The function GRD()
generates a data frame containing
random data suitable for analyses.
The data can be from within-subject or between-group designs.
Within-subject designs are in wide format. The function was originally
presented in ch19;textualsuperb.
GRD(
RenameDV = "DV",
SubjectsPerGroup = 100,
BSFactors = "",
WSFactors = "",
Effects = list(),
Population = list(mean = 0, stddev = 1, rho = 0, scores =
"rnorm(1, mean = GM, sd = STDDEV)"),
Contaminant = list(mean = 0, stddev = 1, rho = 0, scores =
"rnorm(1, mean = CGM, sd = CSTDDEV)", proportion = 0),
Instrument = list(precision = 10^(-8), range = c(-Inf, +Inf))
)
provide a name for the dependent variable (default DV)
indicates the number of simulated scores per group (default 100 in each group)
a string indicating the between-subject factor(s) with, between parenthesis, the number of levels or the list of level names. Multiple factors are separated with a colon ":" or enumerated in a vector of strings.
a string indicating the within-subject factor(s) in the same format as the between-subject factors
a list detailing the effects to apply to the data. The effects
can be given with a list of "factorname" = effect_specification
or "factorname1*factorname2" = effect_specification
pairs,
in which effect_specification can either be slope()
, extent()
,
custom()
and Rexpression()
. For slope and extent, provide a range,
for custom, indicate the deviation from the grand mean for each cell,
finally, for Rexpression, give between quote any R commands which
returns the deviation from the grand mean, using the factors.

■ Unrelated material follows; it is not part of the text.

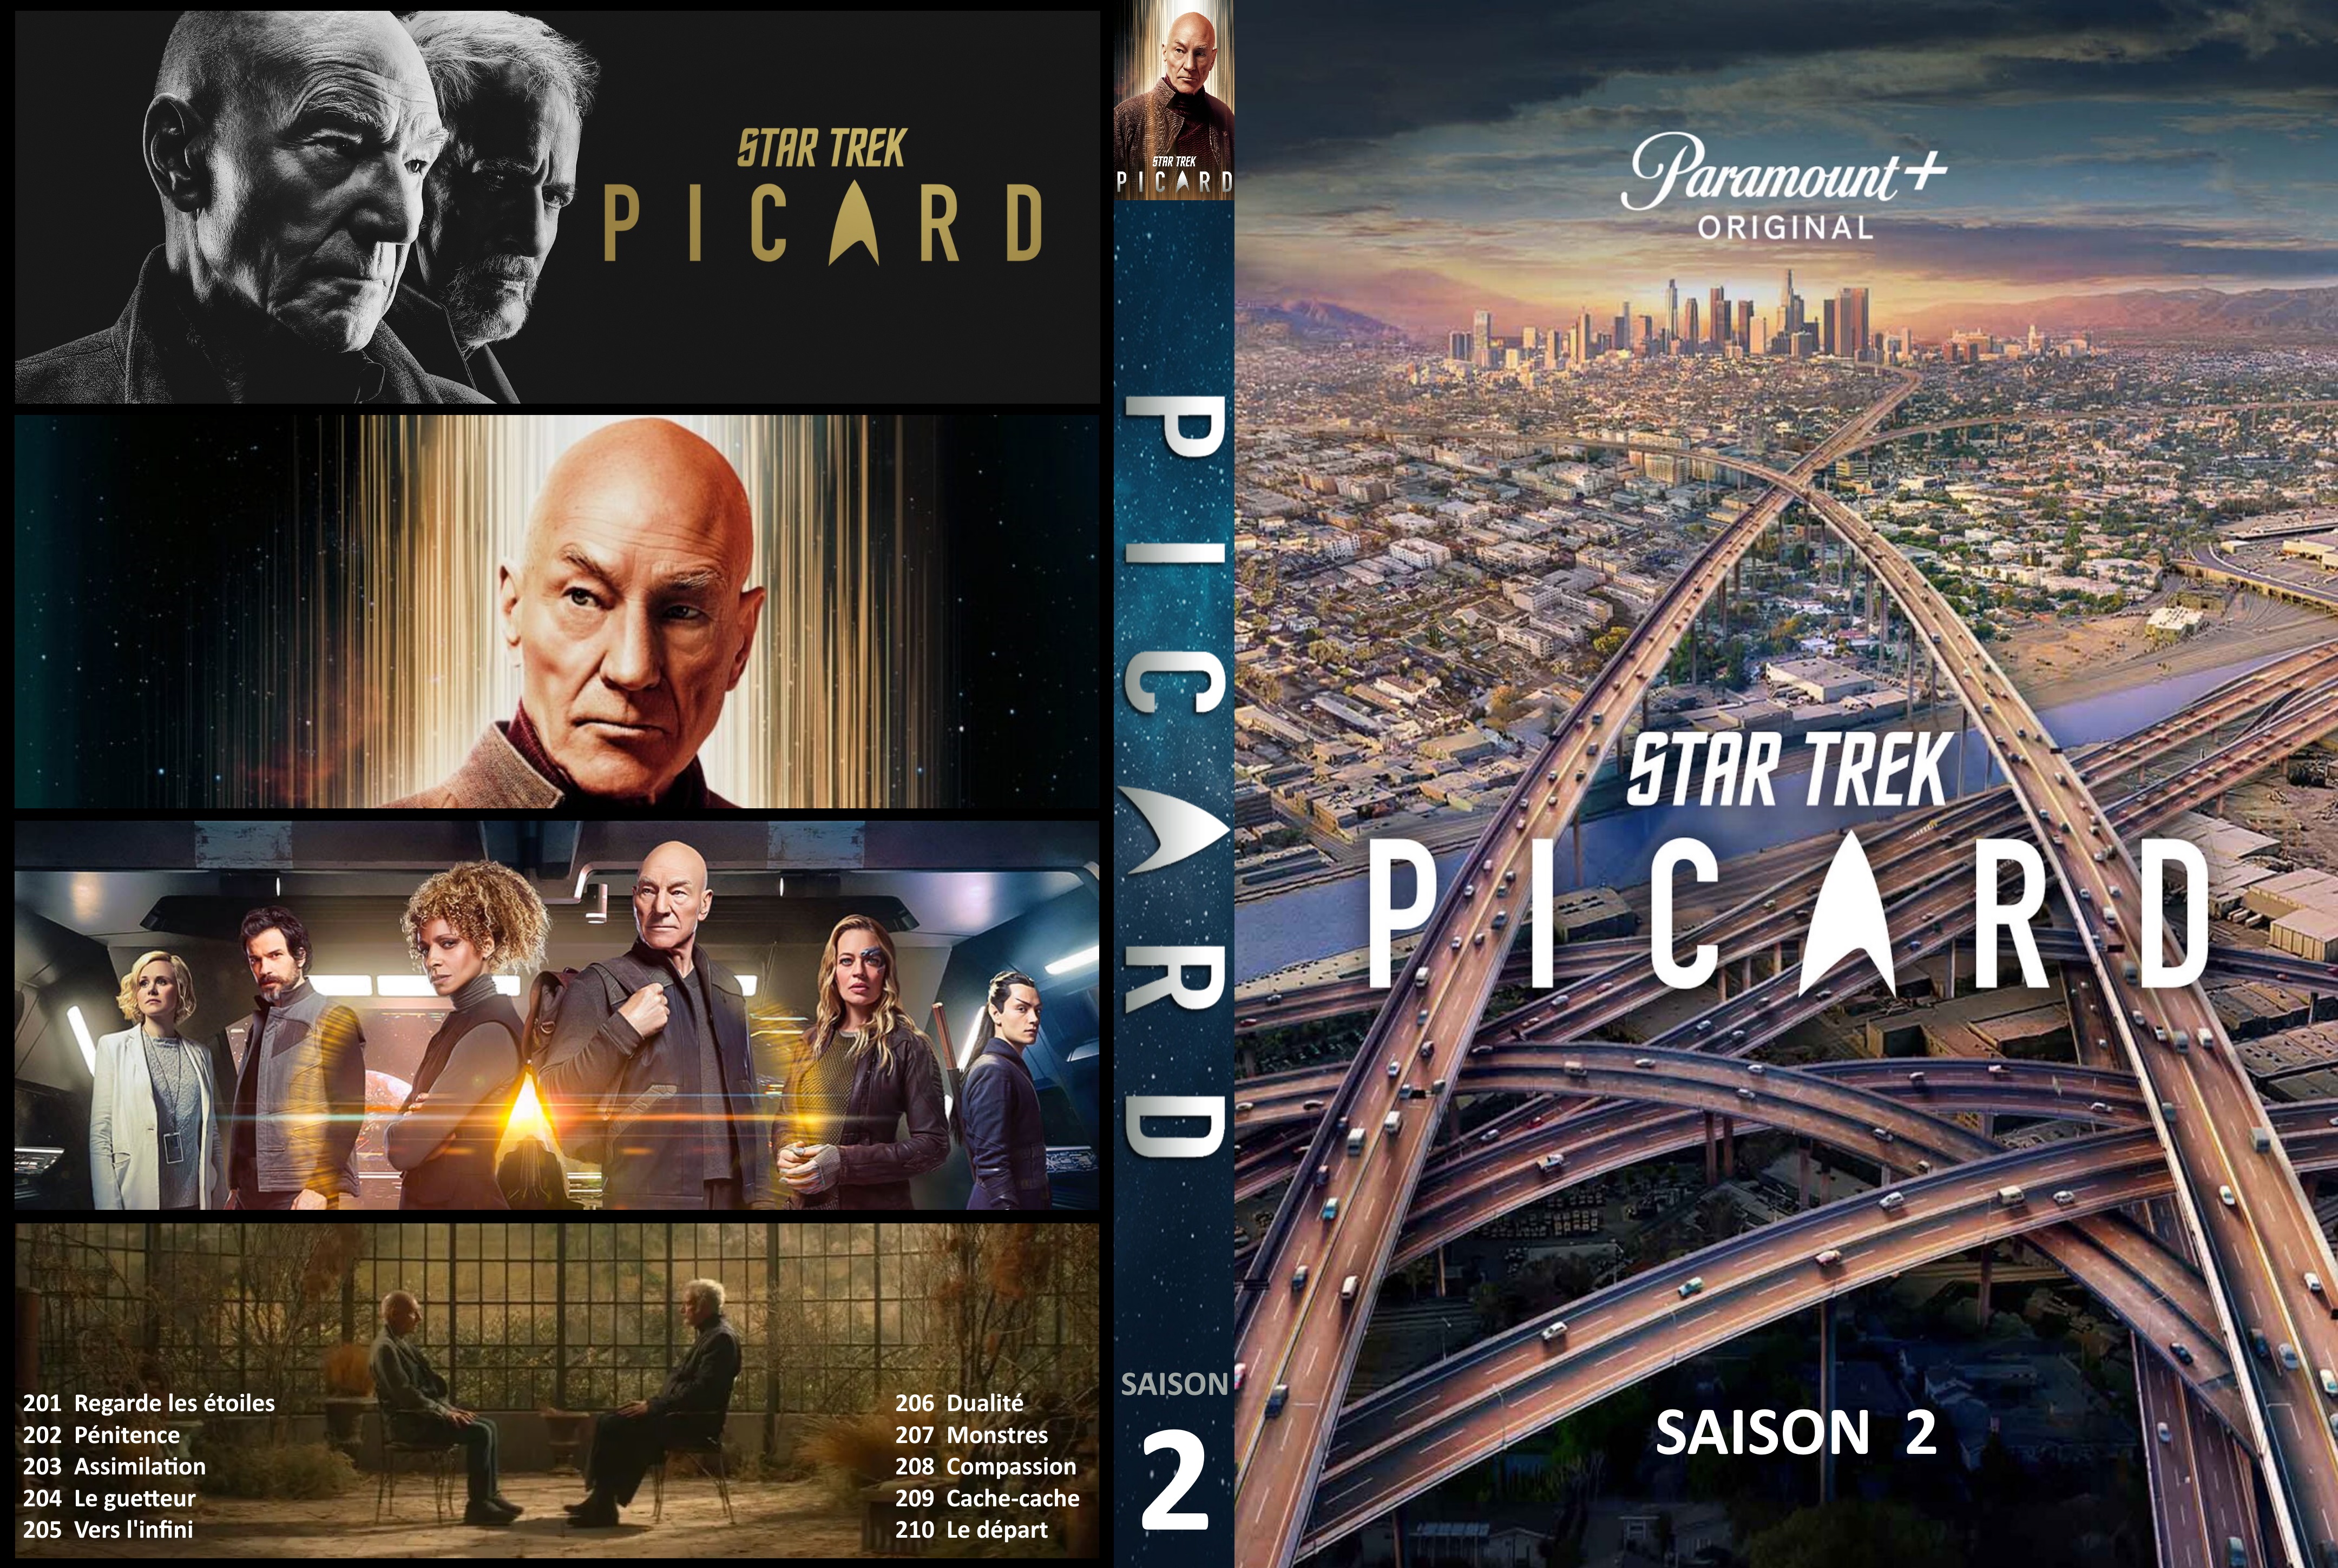 Jaquette DVD Star Trek Picard saison 2 custom

See the last example below.
a list providing the population characteristics (default is a normal distribution with a mean of 0 and standard deviation of 1)
a list providing the contaminant characteristics and the proportion of contaminant (default 0)
a list providing some characteristics of the measurement instrument (at this time, its precision and range only).
a data.frame with the simulated scores.
Note that the range
effect specification has been renamed
extent
to avoid masking the base function base::range
.
# Simplest example using all the default arguments:
dta <- GRD()
head(dta)
#> id DV
#> 1 1 -0.3942900
#> 2 2 -0.0593134
#> 3 3 1.1000254
#> 4 4 0.7631757
#> 5 5 -0.1645236
#> 6 6 -0.2533617
hist(dta$DV)
# Renaming the dependant variable and setting the group size:
dta <- GRD( RenameDV = "score", SubjectsPerGroup = 200 )
hist(dta$score )
# Examples for a between-subject design and for a within-subject design:
dta <- GRD( BSFactors = '3', SubjectsPerGroup = 20)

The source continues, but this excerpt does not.